Look for the word "Girls" in the records, and copy each line where it appears.

■ INFORMATION SUPPLIED ■
☆ ☆ ☆

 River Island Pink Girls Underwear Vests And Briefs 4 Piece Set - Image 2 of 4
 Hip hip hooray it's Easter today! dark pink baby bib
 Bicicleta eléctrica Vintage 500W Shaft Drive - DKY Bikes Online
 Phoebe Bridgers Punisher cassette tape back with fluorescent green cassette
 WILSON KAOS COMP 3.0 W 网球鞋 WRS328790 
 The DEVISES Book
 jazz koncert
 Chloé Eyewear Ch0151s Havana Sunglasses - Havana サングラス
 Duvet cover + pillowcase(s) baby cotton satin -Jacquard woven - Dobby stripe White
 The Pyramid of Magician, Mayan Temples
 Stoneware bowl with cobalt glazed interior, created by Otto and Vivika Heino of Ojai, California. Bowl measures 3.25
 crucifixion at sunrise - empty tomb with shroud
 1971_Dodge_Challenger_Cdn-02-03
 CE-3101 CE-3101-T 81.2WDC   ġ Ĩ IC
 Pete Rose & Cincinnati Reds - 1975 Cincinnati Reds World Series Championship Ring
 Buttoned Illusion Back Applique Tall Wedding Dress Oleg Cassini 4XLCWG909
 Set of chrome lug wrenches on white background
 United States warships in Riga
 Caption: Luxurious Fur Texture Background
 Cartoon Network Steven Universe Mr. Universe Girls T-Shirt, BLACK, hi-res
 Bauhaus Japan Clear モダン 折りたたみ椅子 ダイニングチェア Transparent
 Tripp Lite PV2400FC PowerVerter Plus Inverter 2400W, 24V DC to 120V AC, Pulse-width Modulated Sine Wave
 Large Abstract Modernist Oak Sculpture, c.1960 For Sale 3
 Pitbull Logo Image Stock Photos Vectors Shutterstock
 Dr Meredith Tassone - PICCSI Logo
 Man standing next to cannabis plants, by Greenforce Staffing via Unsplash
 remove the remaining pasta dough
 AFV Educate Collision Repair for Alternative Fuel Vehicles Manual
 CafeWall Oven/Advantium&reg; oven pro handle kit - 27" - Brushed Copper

☆ ☆ ☆

■ THE COMPLETED TASK ■
 River Island Pink Girls Underwear Vests And Briefs 4 Piece Set - Image 2 of 4
 Cartoon Network Steven Universe Mr. Universe Girls T-Shirt, BLACK, hi-res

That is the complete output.